Wednesday 25 May 2011

Does the Better Life Index support The Spirit Level?

Yesterday, the Organisation for Economic Co-operation and Development (OECD) published the Better Life Index. This project aims to measure the quality-of-life in countries using eleven criteria.

Since it was founded in 1961, the OECD has helped governments design better policies for better lives for their citizens. More recently, the OECD has been keenly involved in the debate on measuring well-being. Based on this experience, these 11 topics reflect what the OECD has identified as essential to well-being in terms of material living conditions (housing, income, jobs) and quality of life (community, education, environment, governance, health, life satisfaction, safety and work-life balance).

Having gone to all this trouble to create a reliable index of well-being, it's worth asking whether the OECD data supports The Spirit Level's hypothesis that "more equal societies almost always do better"?





No, it doesn't. The poorest country—Portugal—does worst, but the data points appear to be scattered randomly.

In fact, if we drill down into the data we can see that not only is well-being not better in "more equal" countries, but the OECD's figures do not support The Spirit Level's key argument—that "more equal" countries have stronger social support networks which lead to a healthier and happier population.

Quality of social support network:





Life expectancy:



Self-reported health:



Life satisfaction:




There is no association between inequality and any of these variables. Indeed, with the exception of self-reported health—which seems to show the opposite of what The Spirit Level says—the regression lines are about as straight as you could expect from a randomly assorted set of data.

Taken together, the OECD's Better Life Index appears to support the view of a previous effort by The Economist to devise a quality-of-life index, which concluded:

There is no evidence for an explanation sometimes proffered for the apparent paradox of increasing incomes and stagnant life-satisfaction scores: the idea that an increase in someone’s income causes envy and reduces the welfare and satisfaction of others. In our estimates, the level of income inequality had no impact on levels of life satisfaction. Life satisfaction is primarily determined by absolute, rather than relative, status (related to states of mind and aspirations).

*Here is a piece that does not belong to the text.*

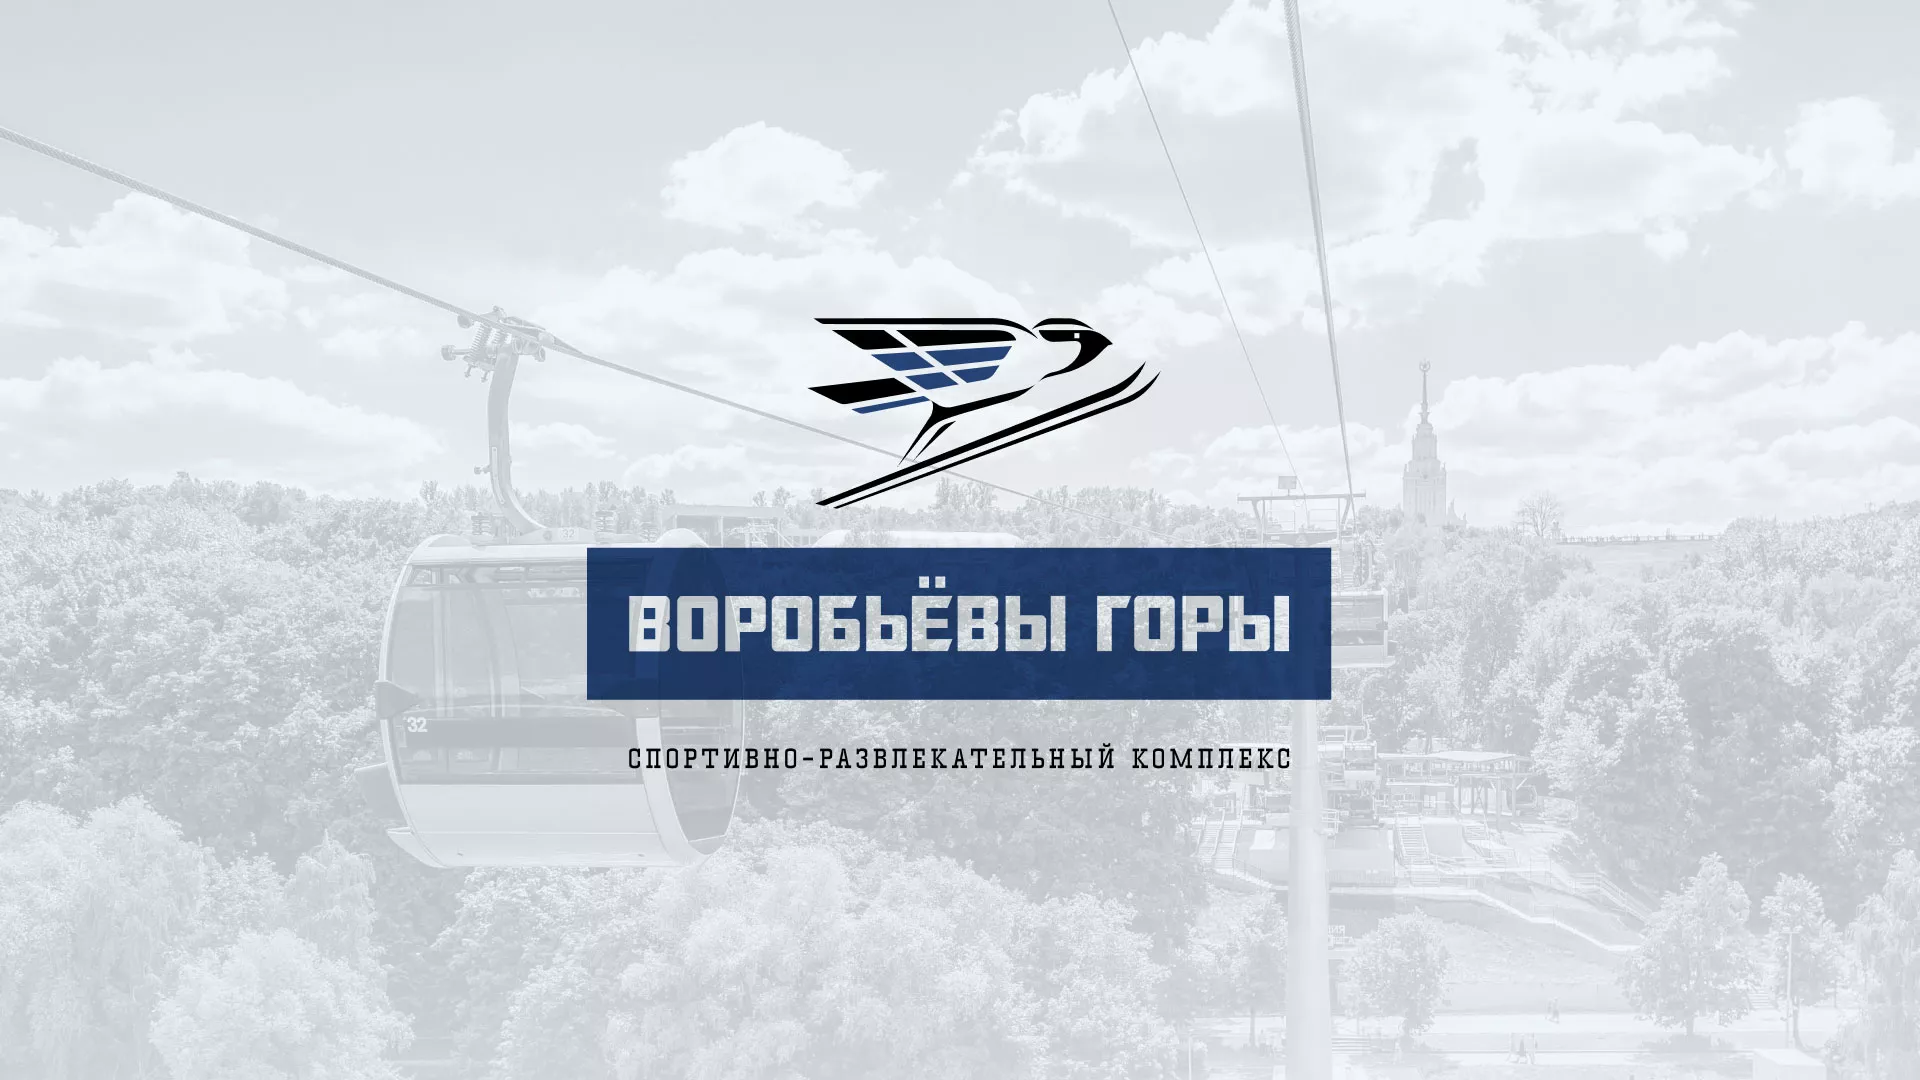 Разработка сайта в Перми для спортивно-развлекательного комплекса «Воробьёвы горы»

(Note on data: The first graph shows an index of all the OECD's criteria with each given equal weight. Singapore and Hong Kong are not OECD members so they do not feature in the list. Their absence can only benefit The Spirit Level's case here because these unequal countries tend to perform well under most criteria. As per The Spirit Level, tax havens and countries without equality data are excluded. All other counties with wealth greater than Portugal are included. The OECD produces well-respected inequality figures but these are not used in The Spirit Level (perhaps because they show Japan to be quite unequal). I have used The Spirit Level's preferred inequality figures here and throughout The Spirit Level Delusion.)